Posted September 11th, 2010
by Staff


If you’re just getting started out in life, and haven’t had the chance to establish any credit yet, personal loans can be the perfect way to get started. These small loans can be used for practically anything, and they typically have much lower interest rates than credit cards.

Of course, if you have no credit history, you will probably be required to offer up something of value as collateral, but that’s OK. Even if the bank doesn’t require you to offer collateral (called an unsecured loan), it’s often a better idea to go ahead and offer collateral anyway, as this will typically allow you to get a better interest rate, saving you a considerable amount of money.

Collateral is anything of value that you agree you will give to the lending institution if you fail to pay your loan back. It’s their way of making sure that they will receive something of value, even if you default on your loan. Of course, it can seem a bit scary to offer up your valuables as collateral, but the dirty little secret is this: the bank doesn’t want your stuff. They want you to repay your loan. Because of this, most banks are usually willing to work with you even if you do fall behind to avoid the need to collect on the collateral.

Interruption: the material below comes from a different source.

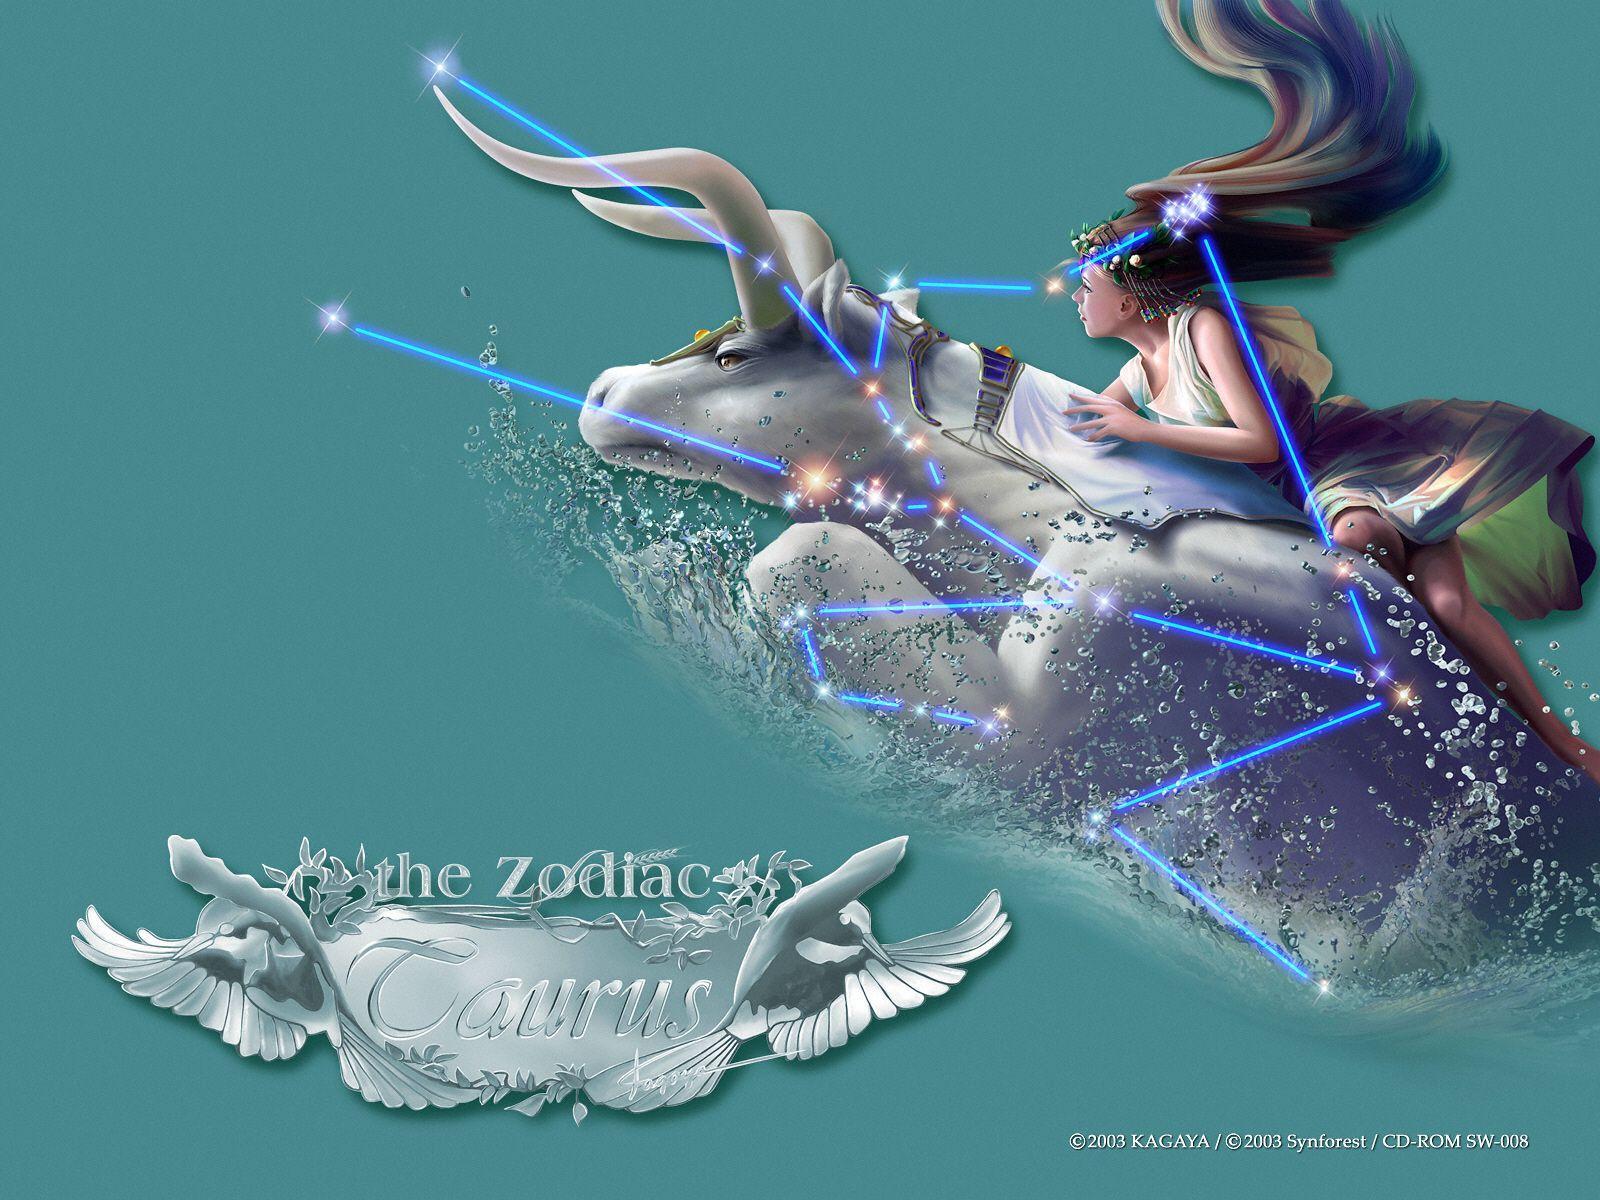 Taurus Zodiac Wallpaper HD Picture. One HD Wallpaper Picture

When you take out personal loans, start small. Make sure that the payments are really going to be within your budget. The last thing you want to do to your credit rating is default on a loan. If you are not absolutely certain you can make the payments every month, don’t take the loan. It isn’t worth the risk.

In addition to collateral, some banks require new borrowers to have a cosigner. A cosigner is someone with good credit who agrees that they will pay the loan if you don’t. Often, this is a relative. Having a good cosigner can also help you get a better rate on personal loans.

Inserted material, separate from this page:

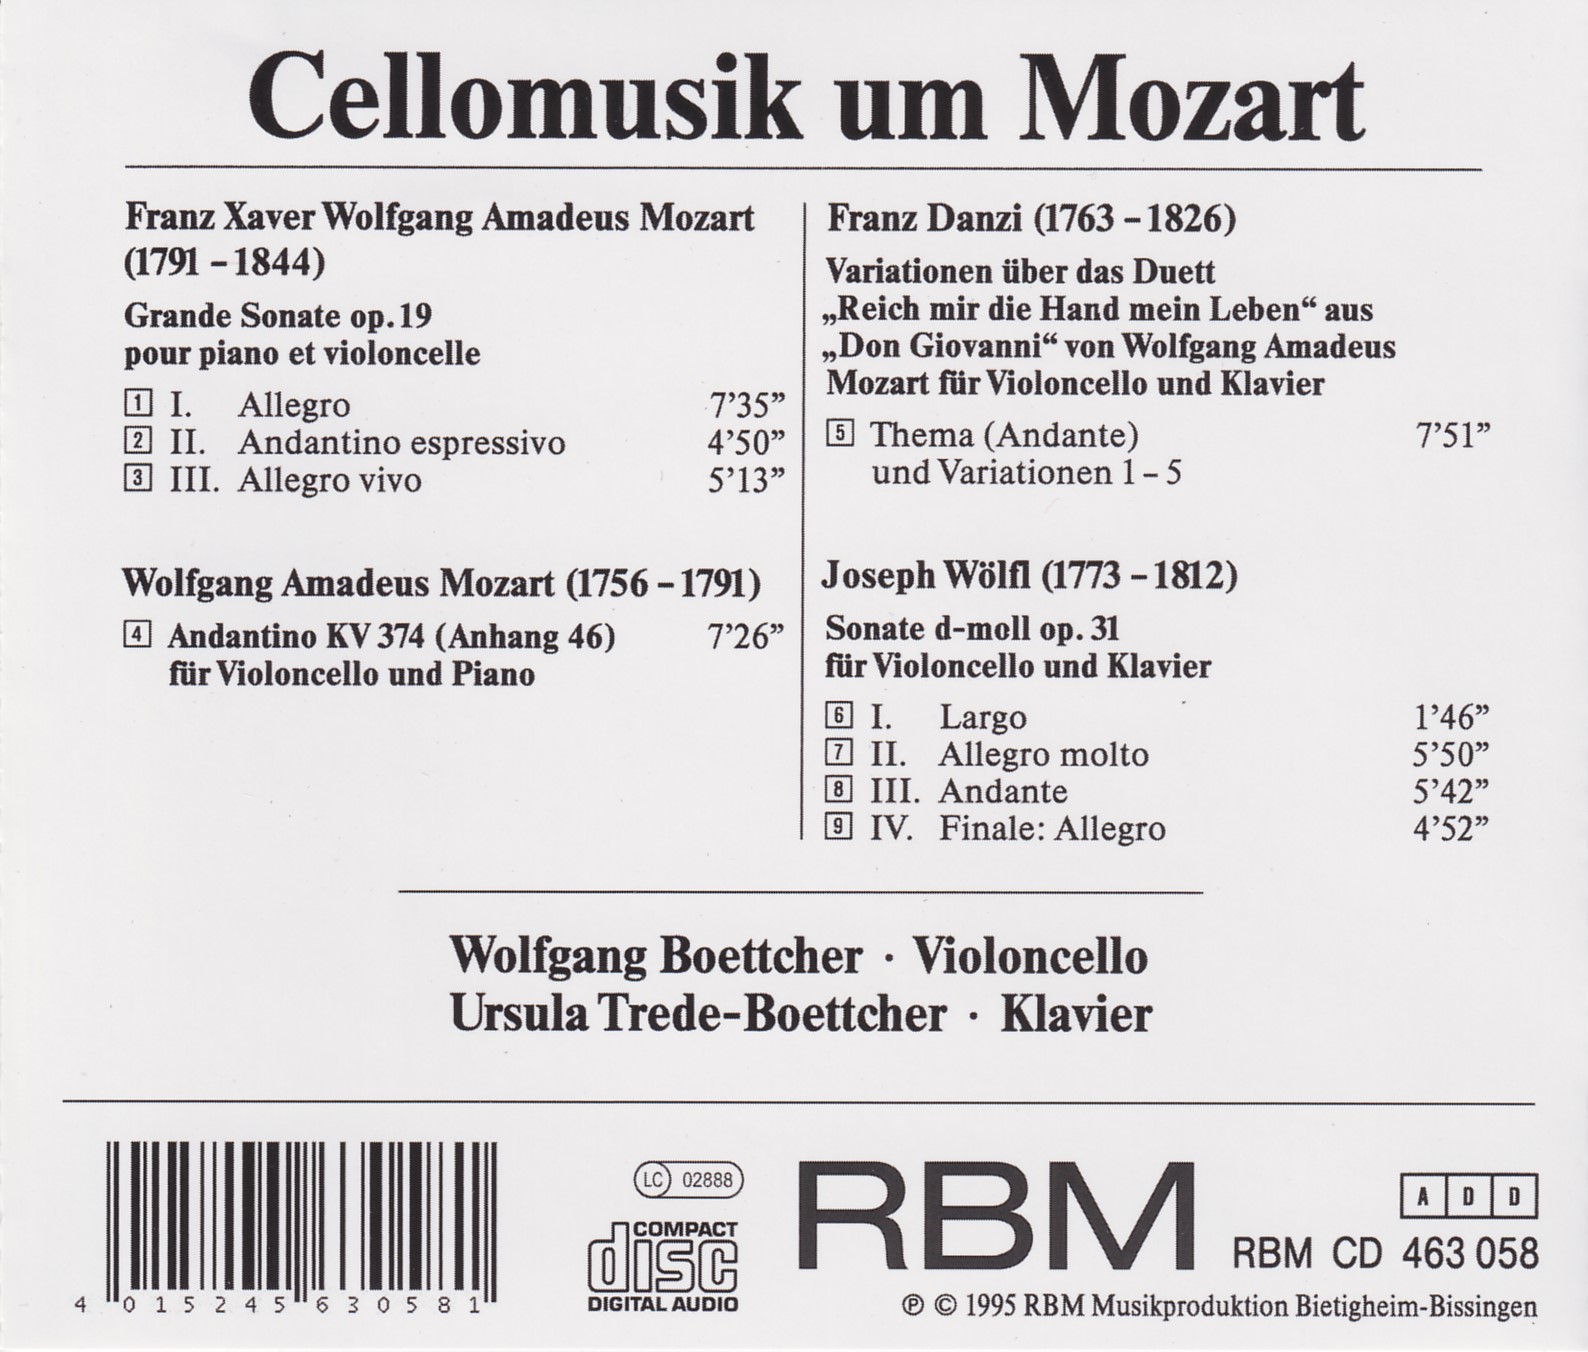 Cellomusik um Mozart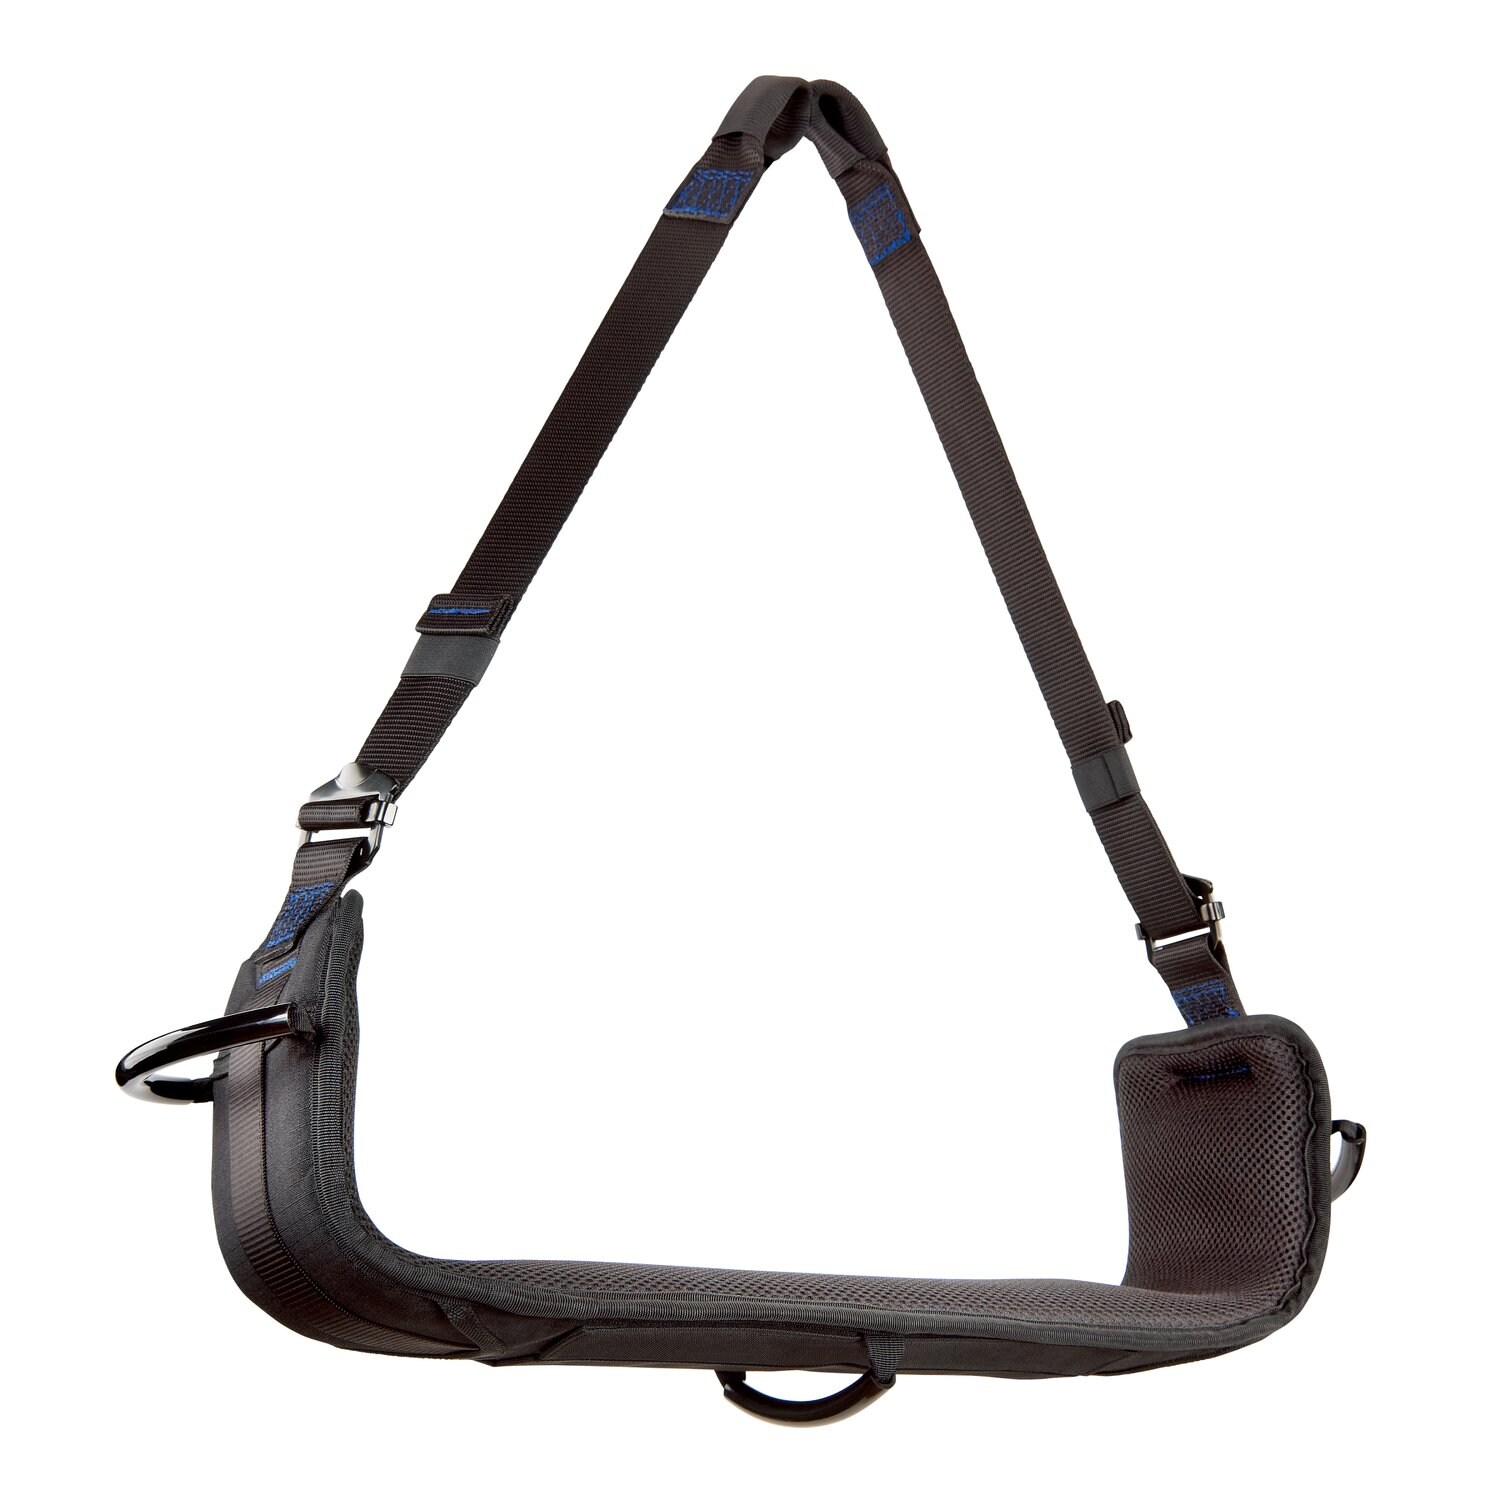 7100309978 - 3M DBI-SALA ExoFit NEX Comfort Suspension Safety Harness Seat Sling
1150414

Of course, once you have received the loan, you will want to make sure that you make all payments on time or early. Credit bureaus keep records of every payment you make, and use it to determine your credit score. If you routinely make your payments ahead of time, it will reflect well on your credit score. If you are frequently late, or miss payments, it will reflect negatively on your credit score.

The credit bureaus can be your best friends, as long as you keep on top of your payments and pay attention to your credit scores to ensure that all of the information they record is accurate.

Pay off your personal loans on time, or slightly early. Don’t pay them off too early, as this may cause banks to view you as unprofitable, making them hesitant to do business with you. Do pay all loan payments before they are due, though, and soon you’ll find your credit score climbing off the charts.